Проза бытия | страница 25
Будь девицы догадливее, им нужно было бы перестать расставлять сети кокетства, а заняться делом, но на то у них не хватало тонкости, либо сил.
Моё появление в зале было вынужденным. Товарищ, который работал там инструктором, попросил помочь, подменив его на время отъезда. Утром требовалось отпереть двери зала, вечером – закрыть их, вот, собственно, и вся услуга. Но не могла же я просто так сидеть и смотреть! И взгромоздившись на скамью, что оказалась ближе, без особых усилий принялась выжимать ногами увесистую штангу. Едва минуло время, необходимое для того, чтобы бросить начатое с тем, дабы порисоваться, я получила куда больше знаков внимания, нежели все длинноногие девицы вместе взятые, которые появлялись в этом месте когда-либо. Десятки глаз с разных концов зала заинтересованно смотрели в мою сторону, и после того дня я перестала быть просто «девушкой с ключами от зала». Теперь, в перерывах между подходами, мы с ребятами болтали беззаботно, обменивались шутками, новостями… и продолжалось всё это вплоть до того самого противного хруста, звук которого, усиленный аркой рёбер прозвучал, как набат.

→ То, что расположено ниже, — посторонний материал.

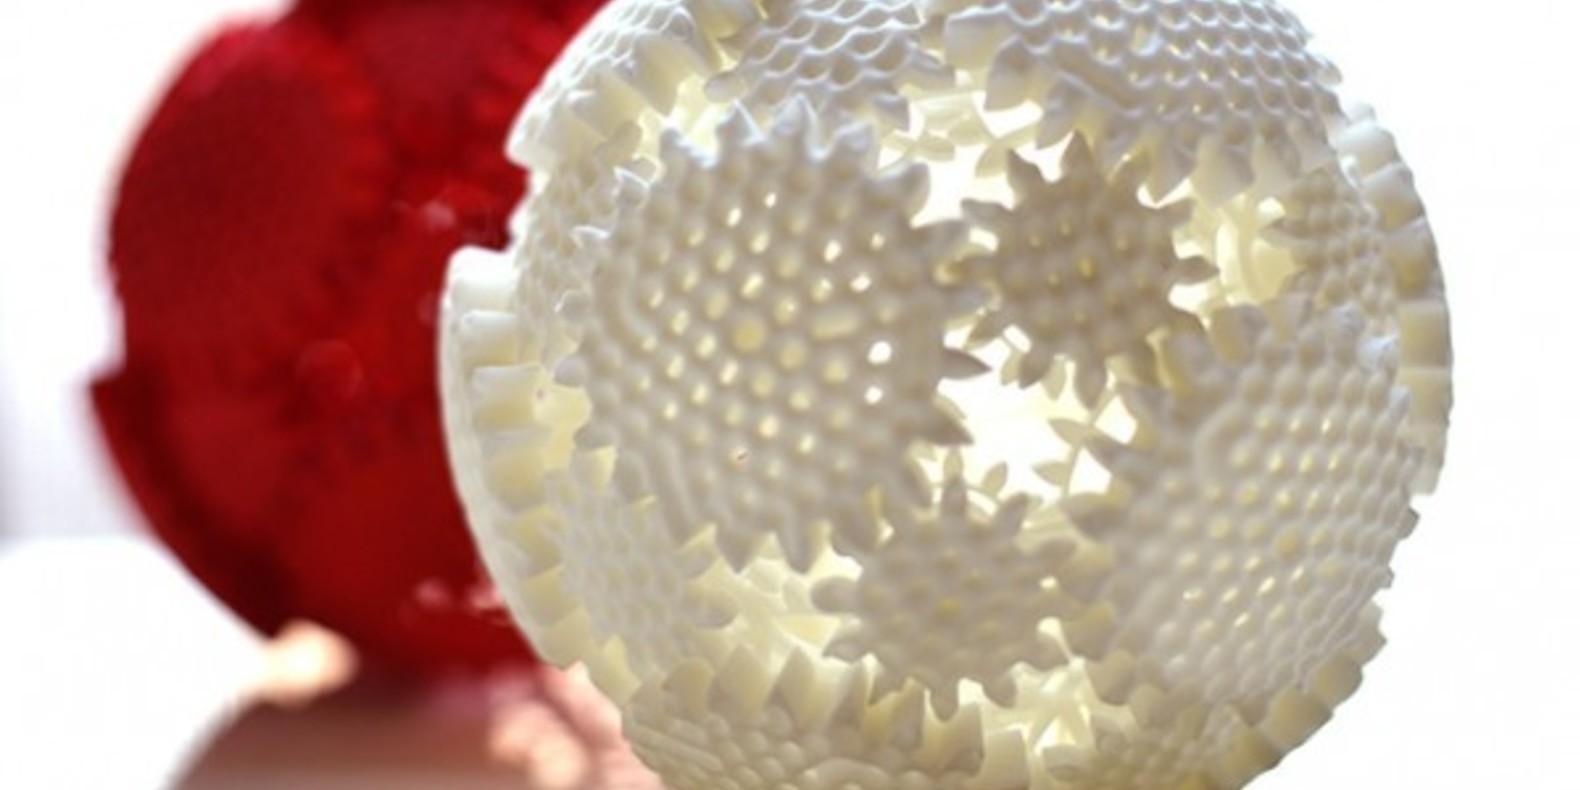 machaneu v1 proxy design studio 3D printing cults 3D impression objet impressionnant 1

Ребята побросали свои веса и кинулись помогать. Глядя на побелевшую физиономию, они все вместе осторожно сгребли в охапку мою сгорбившуюся от боли тушку и поволокли в больницу.

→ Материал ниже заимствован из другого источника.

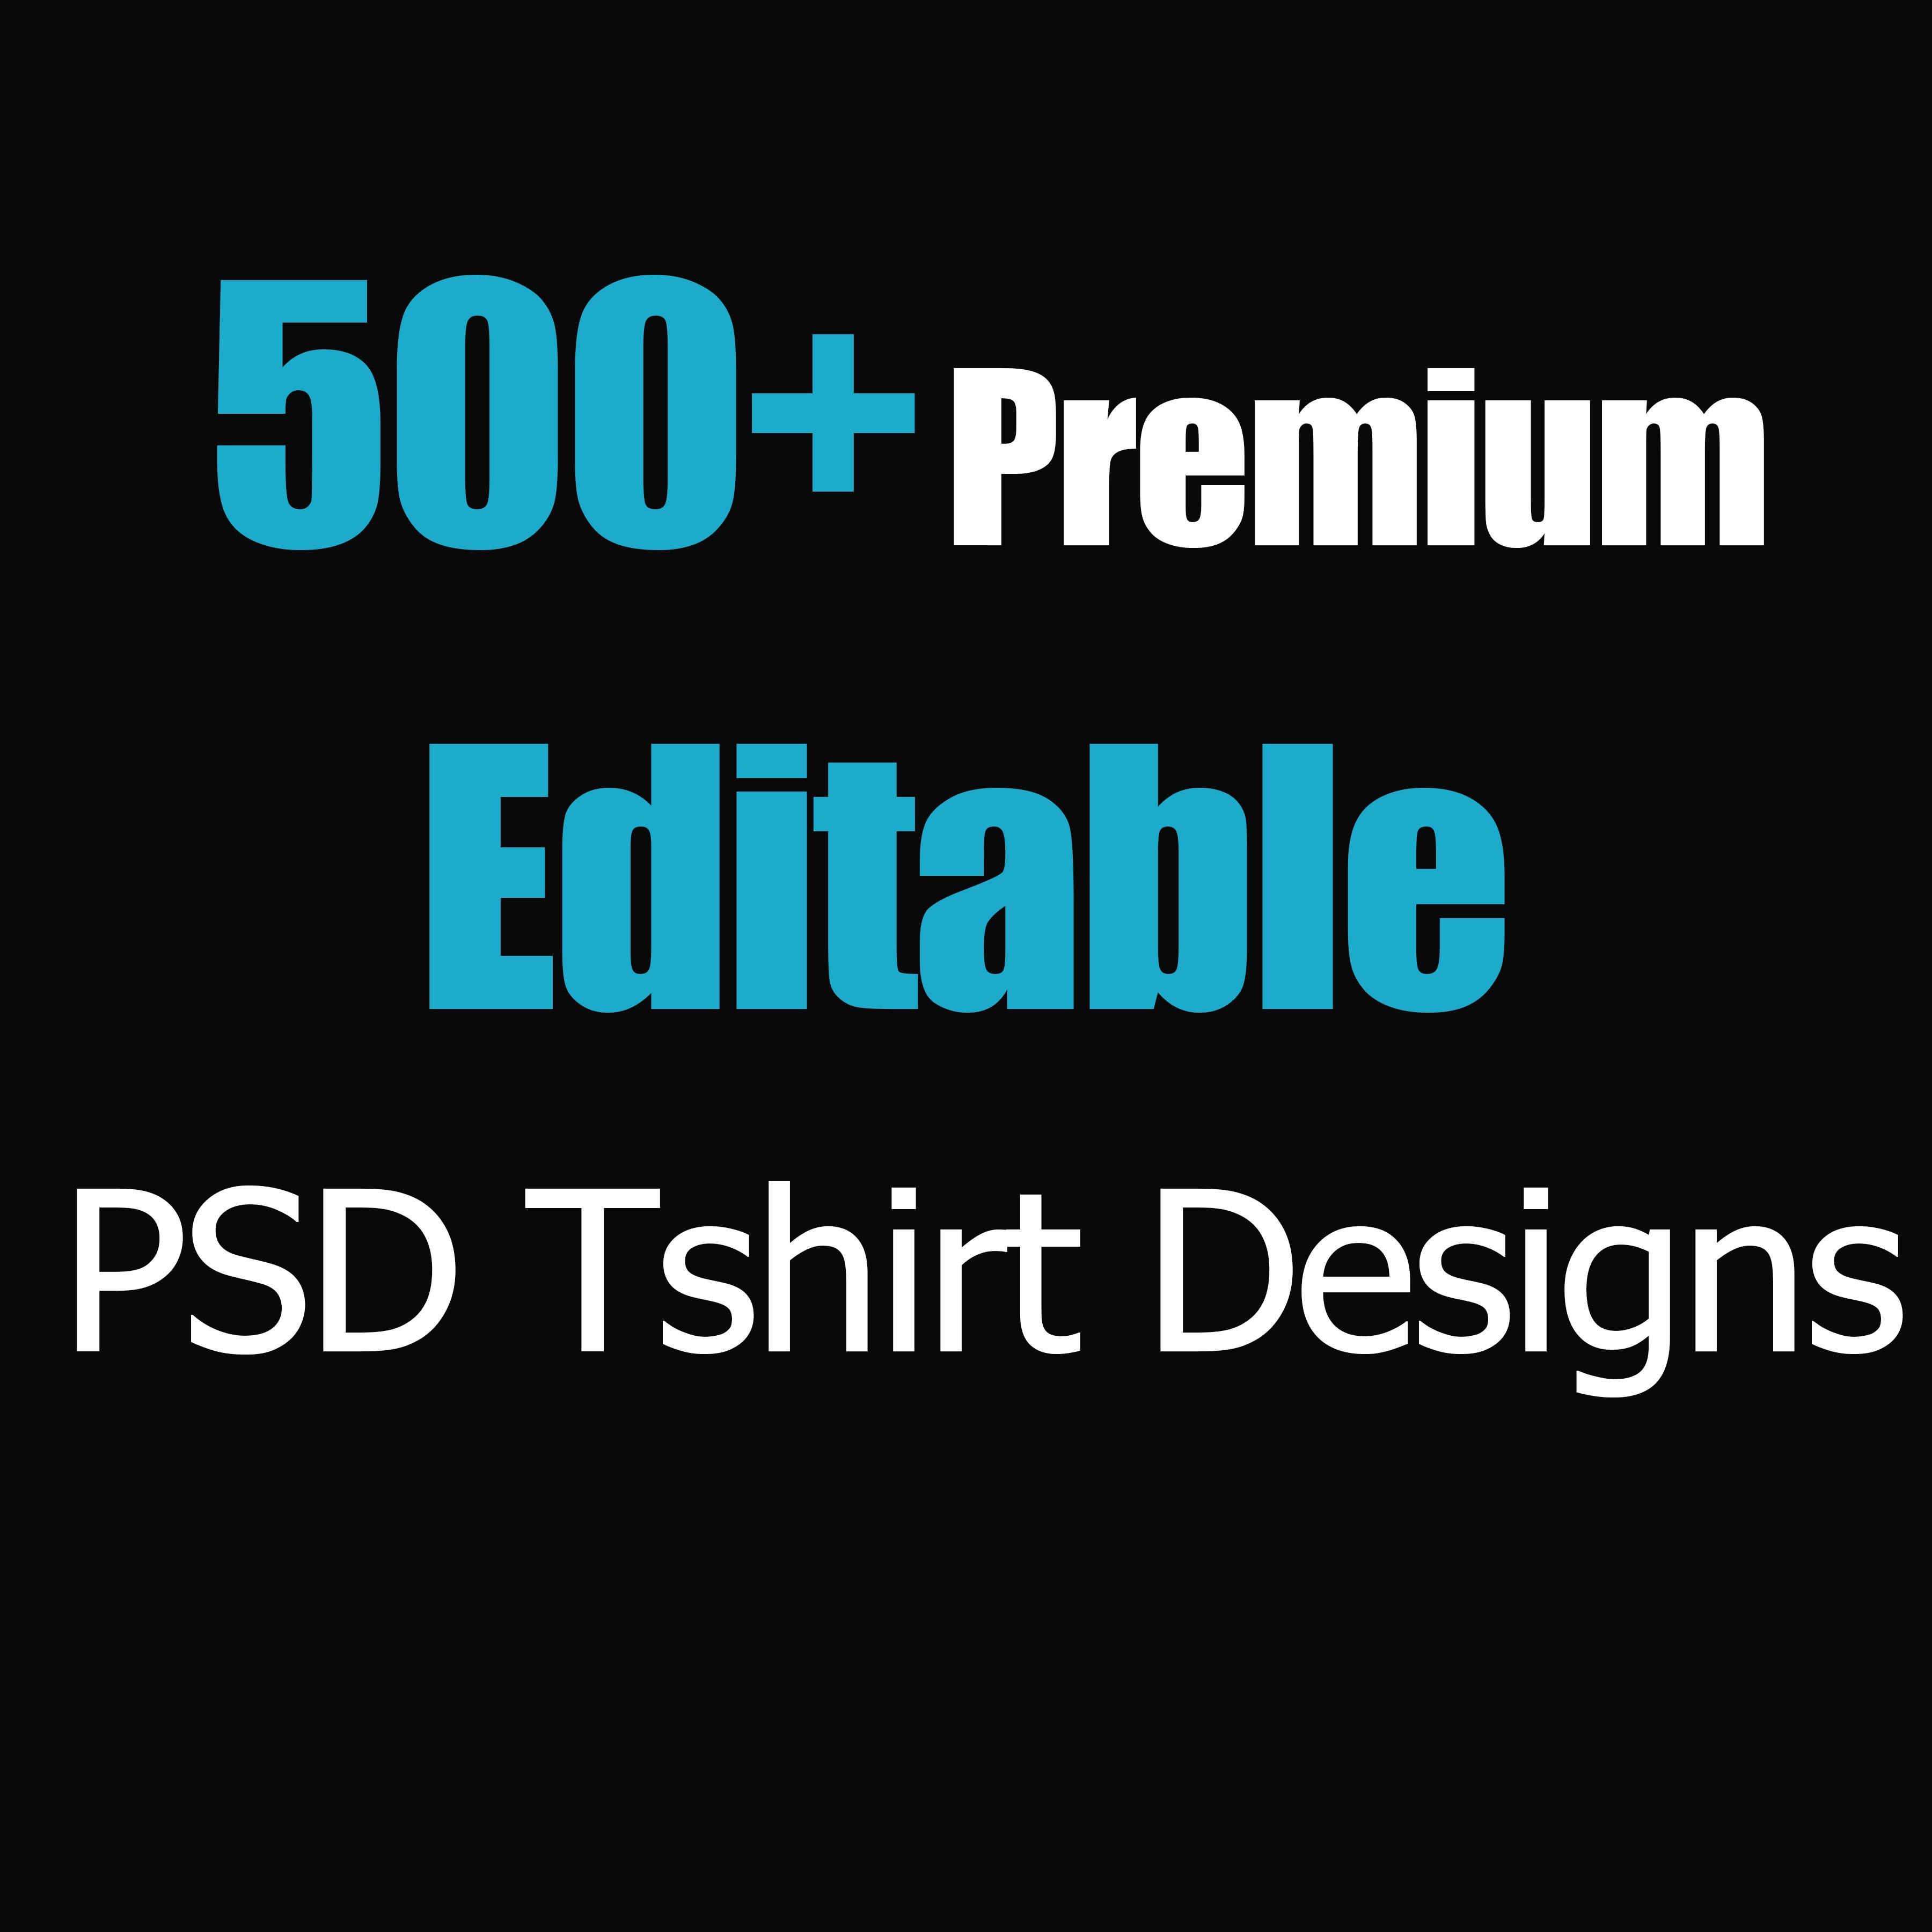 500+ Premium Editable PSD T-Shirt Designs

Молодой врач в приёмном покое, явно напуганный присутствием такого количества мощных мОлодцев в кабинете, чуть спасовал под напором их неподдельного волнения, но своего не выдал, и лишь затем, чтобы разрядить обстановку, поинтересовался, не обращаясь лично ни к кому:
– Кто она вам?
– Сестра! – Хором ответили парни, и, помянув добрым словом Пушкина42, врач начал осмотр.
Разрыв косой мышцы живота. Неприятная, конечно, штука, но через некоторое время я смогла сделать вдох, почти не сдерживая его глубины, а вот с весом пришлось попрощаться. На время, как думалось мне, но, – «ничего нет более постоянного, чем временное»43…

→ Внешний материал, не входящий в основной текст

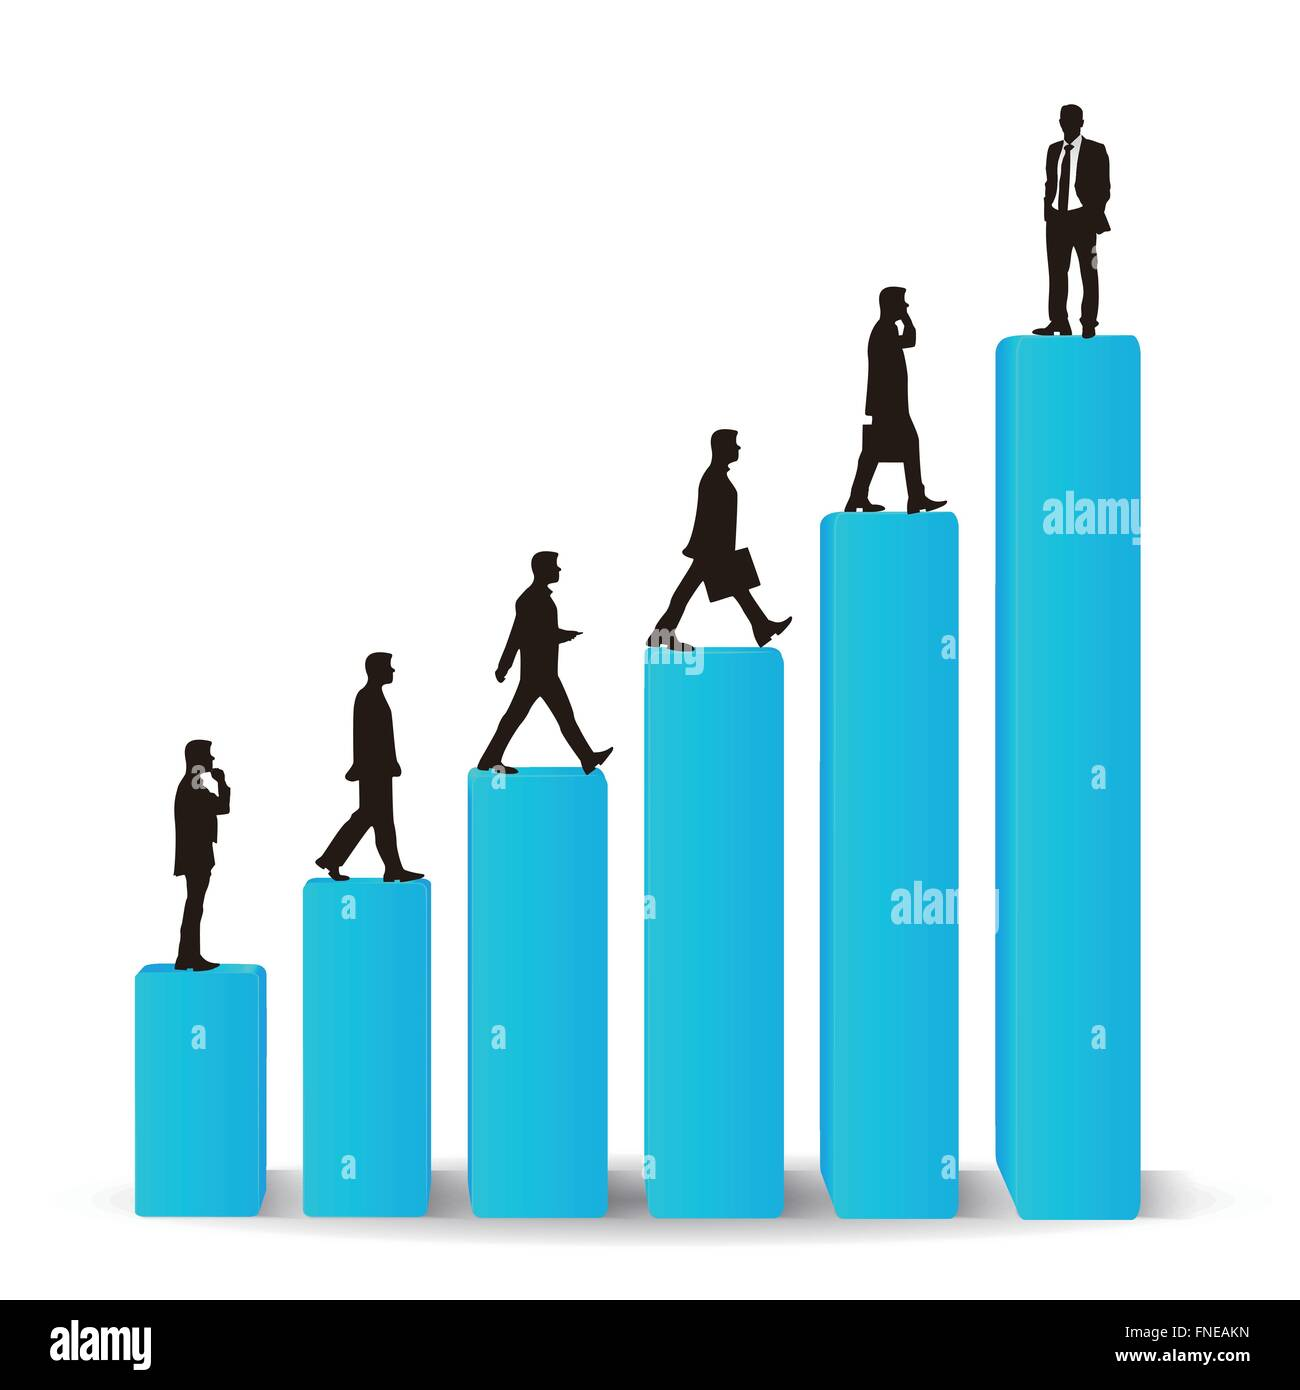 businessman career promotion graph stock photo royalty image businessman career promotion graph

Хруст. Рубец на мышце временами даёт о себе знать. Ну и ничего, оно стоило того, чтобы пережить, единственно ради тёплого слова «сестра».
По-человечески
По мере того, как подрастали птенцы, ветки туи опускались всё ниже, словно бы открывая перед ними дверь в большой мир, обнажая заодно их ранимость и временное несовершенство. Простительная, преходящая, как каждое прочее, незавершённость птенцов, неловкость, неумение взлететь в случае возможных неприятностей, сколь бы ни было их впереди… Кому знать про то? Родителям, чудом пролетевшим мимо рта мошкам, ну и тому, которому всегда есть до всего дело.